The high school serves ninth and 10th grades this year. The right side of the building is known as the production zone, where math and science is the focus. The center is the contemplative zone, where English and the humanities are taught. The active zone on the left side features a studio for yoga and dance, a weight room, a black-box theater and a giant gallery that is waiting to display student art.

On Wednesday, the school cut the ribbon on the Battelle Environmental Center, a huge life science lab built using a $3 million grant from Battelle. The company also announced at the event that it would give another $1 million for expanded programming so kids and teachers from outside of KIPP can participate year-round.

Some programs will be run by the PAST Foundation, a local nonprofit that does educational programming. The plans are for the kids to conduct an ecosystem audit of the campus, which has a natural wetland, and to map its features with drones.

“The superstar KIPP schools all have something that they’re best at,” Wexner said, and environmental science could become that focus here.

Any child can attend KIPP for free, but every grade has a waiting list and students get in through a lottery system.
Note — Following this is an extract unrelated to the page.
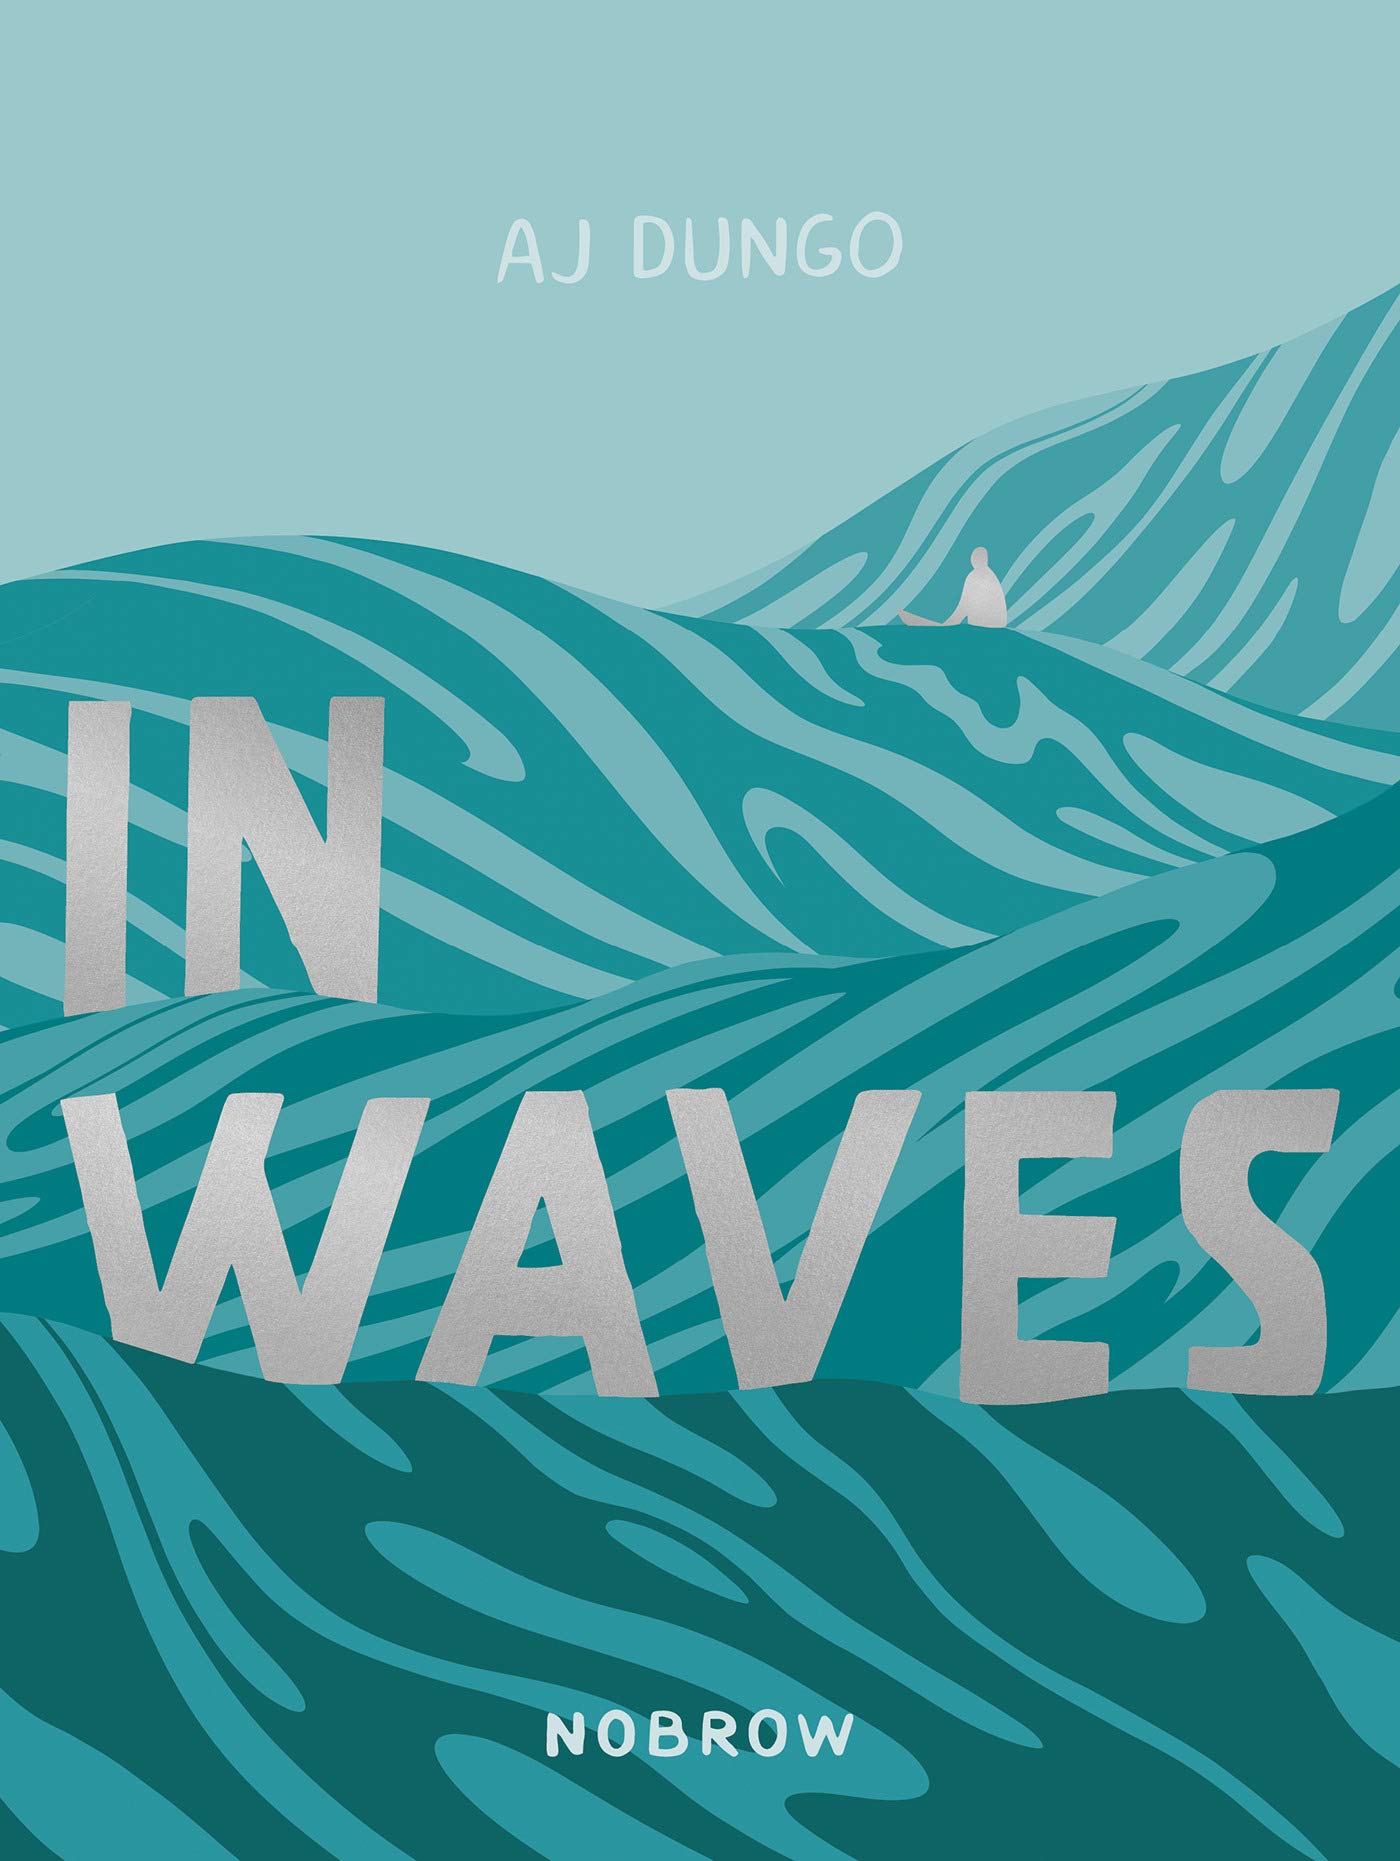 'In Waves' by AJ Dungo

The school gives enrollment priority to children who live in the Columbus City Schools district and to those whose siblings already attend. Once a youngster gets into KIPP, they don’t have to reapply.

KIPP Columbus doesn’t have the best grades on its state report card, earning a D in 2015-16 for students’ performance on state standardized tests. Compared with charter schools statewide, the school ranks in the top 25 percent for its test scores.

Powell said kids often arrive at KIPP significantly behind grade level. KIPP earned an A for overall “value added” in 2015-16, meaning that students advanced far more than a year’s worth of learning during the school year. And on the NWEA MAP, a nationally normed set of tests, KIPP Columbus students achieved 1 1/2 times the average student learning growth.

The school tracks students after they leave KIPP for other high schools and college. Powell said KIPP alumni nationwide have double the graduation rate of other low-income schoolchildren, and they graduate from college at four times the national average for low-income students.

Kiah Fleming, 16, was taking a math test online Thursday morning covering the multiplication of trinomials and polynomials. Before she came to KIPP in the eighth grade, she had problems with truancy and chronic absences.

“I felt we were just there and just getting work to pass the time,” Fleming said. “They told me when I got here to leave the person that you thought you were behind. Here, we’re one team, one family. … Some people don’t have that kind of connection at home.”

The 10th-grader stopped mid-thought, hugged Powell and said: “This girl right here, I just love her so much.”